- Conservation status: Data Deficient (IUCN 3.1)

Scientific classification
- Domain: Eukaryota
- Kingdom: Animalia
- Phylum: Mollusca
- Class: Cephalopoda
- Order: Oegopsida
- Family: Magnapinnidae
- Genus: Magnapinna
- Species: M. pacifica
- Binomial name: Magnapinna pacifica Vecchione & Young, 1998

= Magnapinna pacifica =

- Authority: Vecchione & Young, 1998
- Conservation status: DD

Species of squid

Magnapinna pacifica is a species of bigfin squid known only from three immature specimens; two caught at a depth of less than 300 m and one from a fish stomach. M. pacifica is the type species of the genus Magnapinna. It is characterised primarily by its proximal tentacles, which are wider than adjacent arms and bear numerous suckers.

M. pacifica was described in 1998 by Michael Vecchione and Richard E. Young based on three specimens. The holotype is a juvenile specimen of 51 mm mantle length (ML), taken off the Californian coast at a depth of 0–200 m in a Bongo plankton net. The paratype (USNM 885787), a juvenile specimen of 49 mm ML, was found in the stomach of a lancetfish (Alepisaurus ferox). It had initially dried out and was later reconstituted. The third individual, a 19.1 mm ML paralarva, was taken off Hawaii at a depth of 0–300 m in a 4 m2 plankton net.

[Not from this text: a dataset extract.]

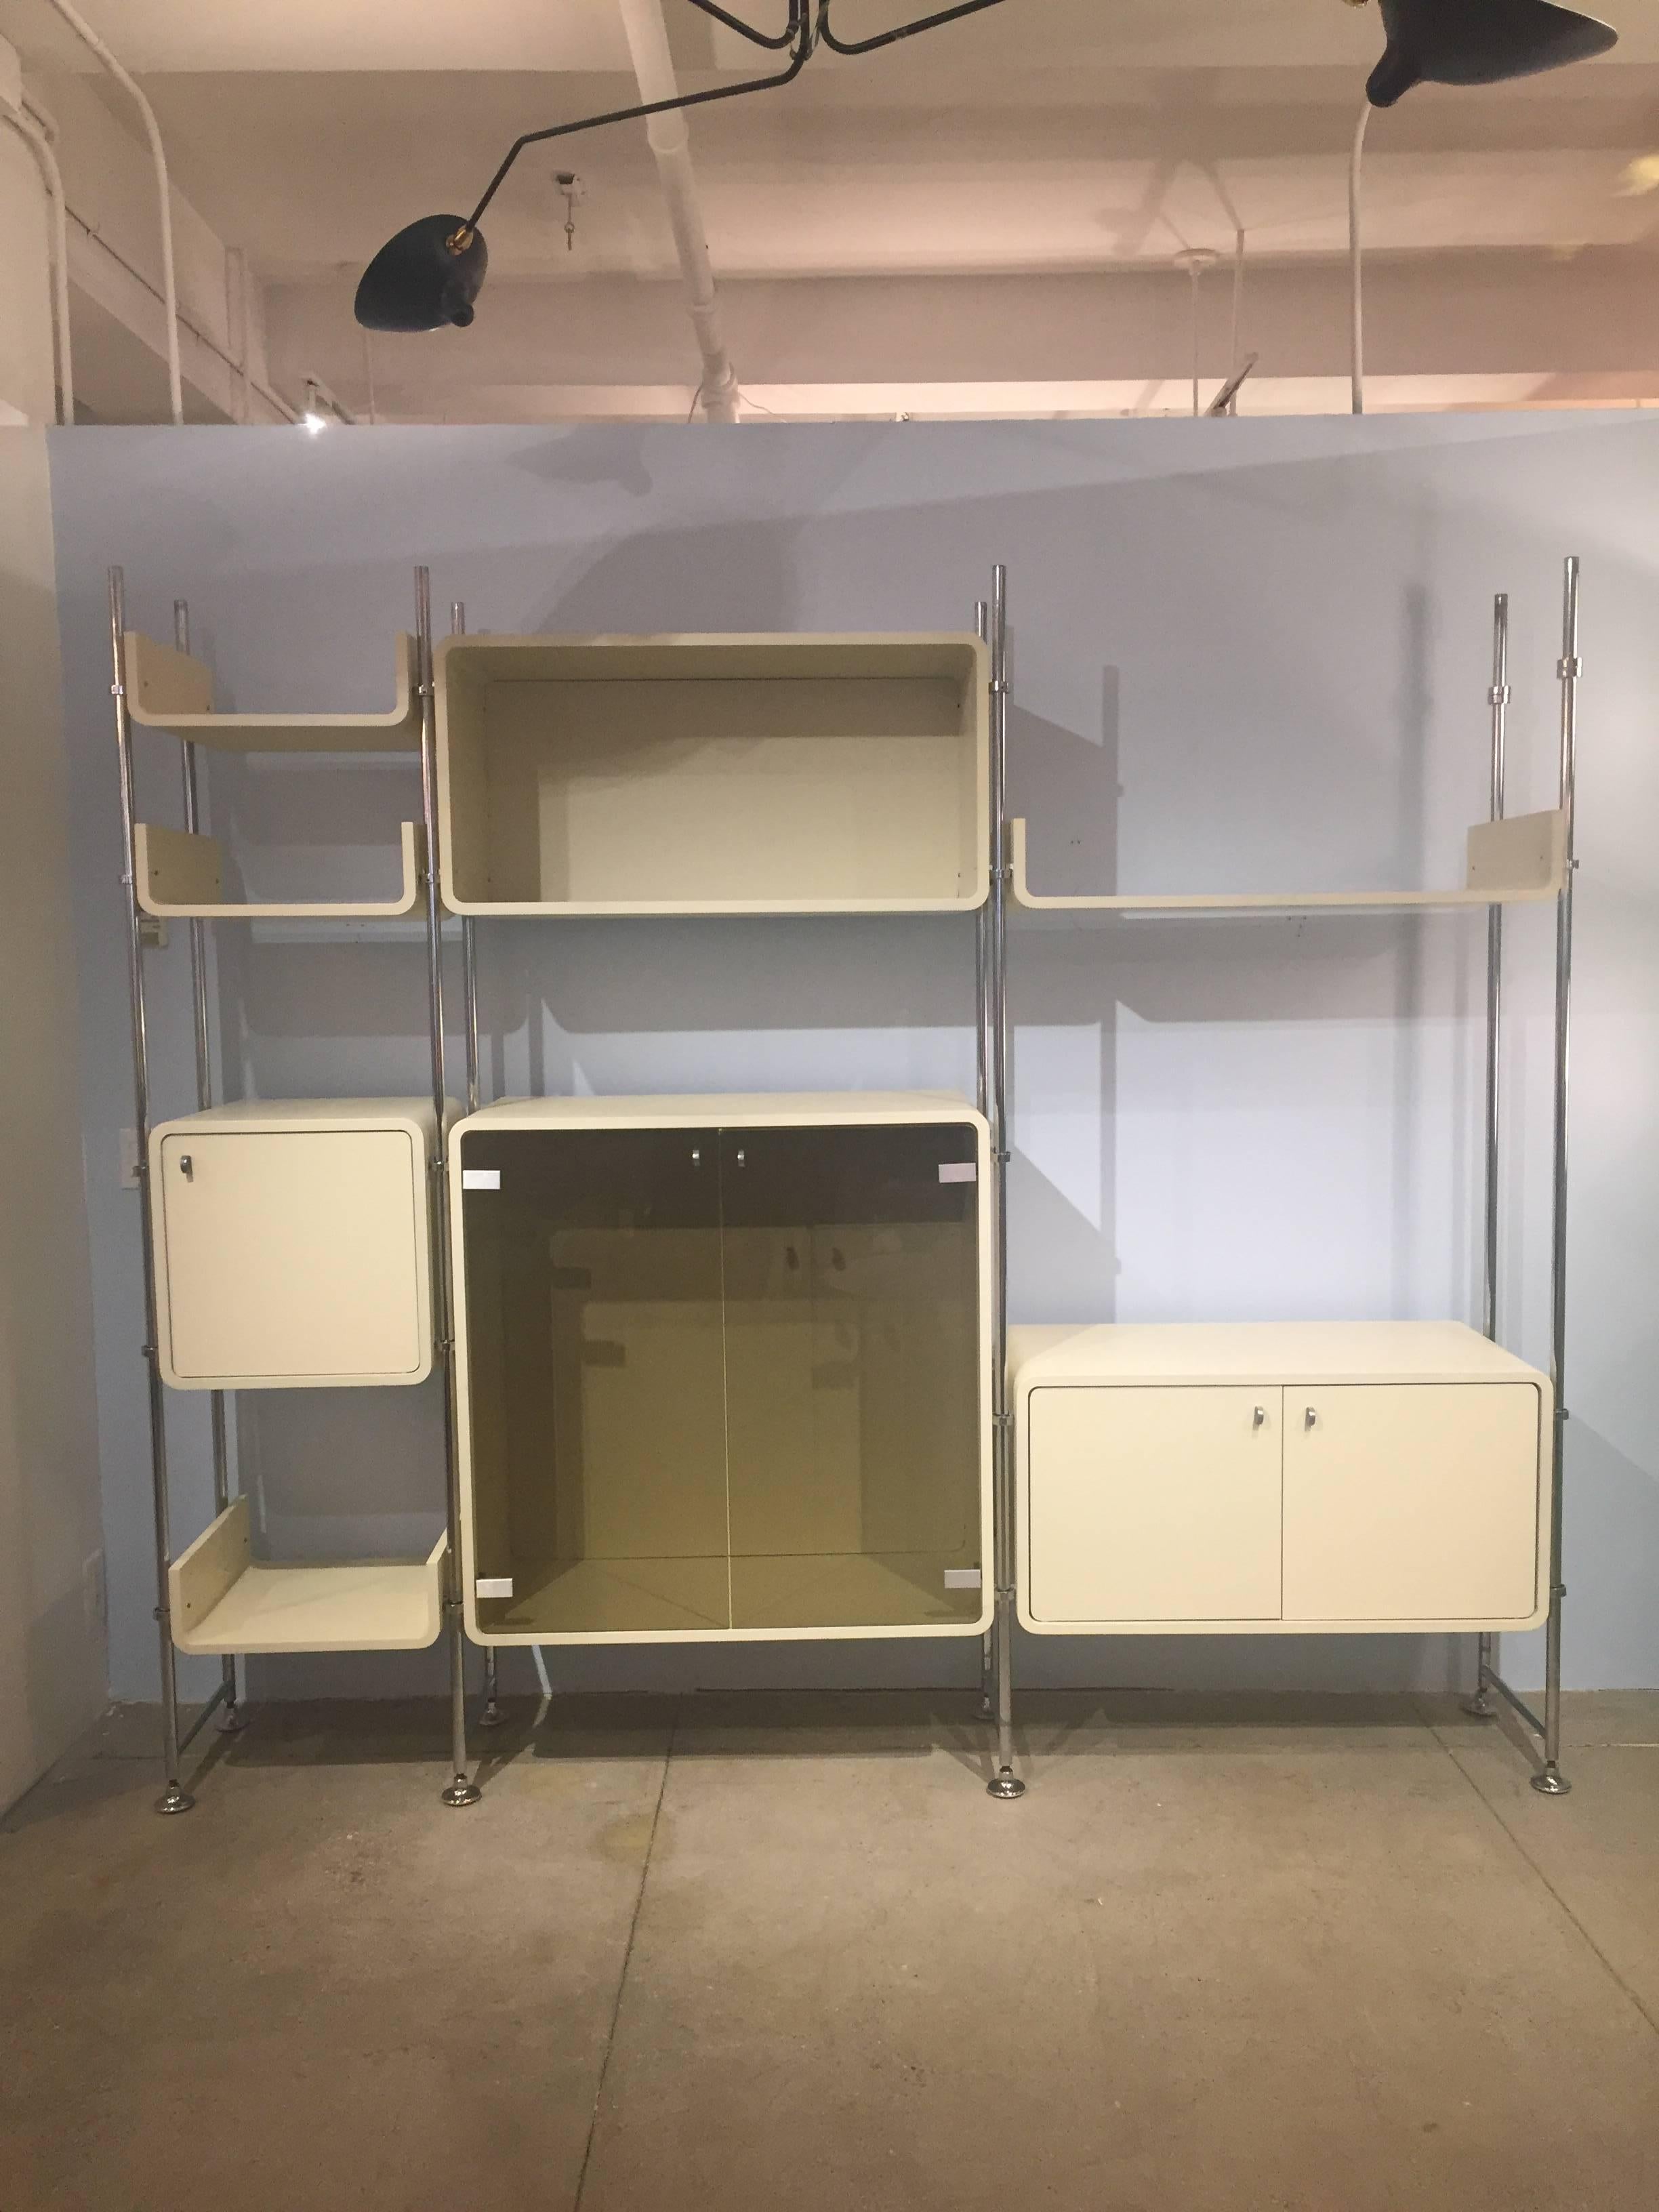 This stylish shelving unit utilizes a simple yet clever adjustable system for hanging the various shelves and cabinets that is highly adjustable, visually appealing, and also very stabile.

A 2001 observation of an adult long-arm squid off Hawaii by the ROV Tiburon has been assigned to M. pacifica by Vecchione and Young.

==Bibliography==
- Vecchione, M. & Young, R. E. (1998). "The Magnapinnidae, a newly discovered family of oceanic squids (Cephalopoda; Oegopsida)". South African Journal of Marine Science 20: 429-437.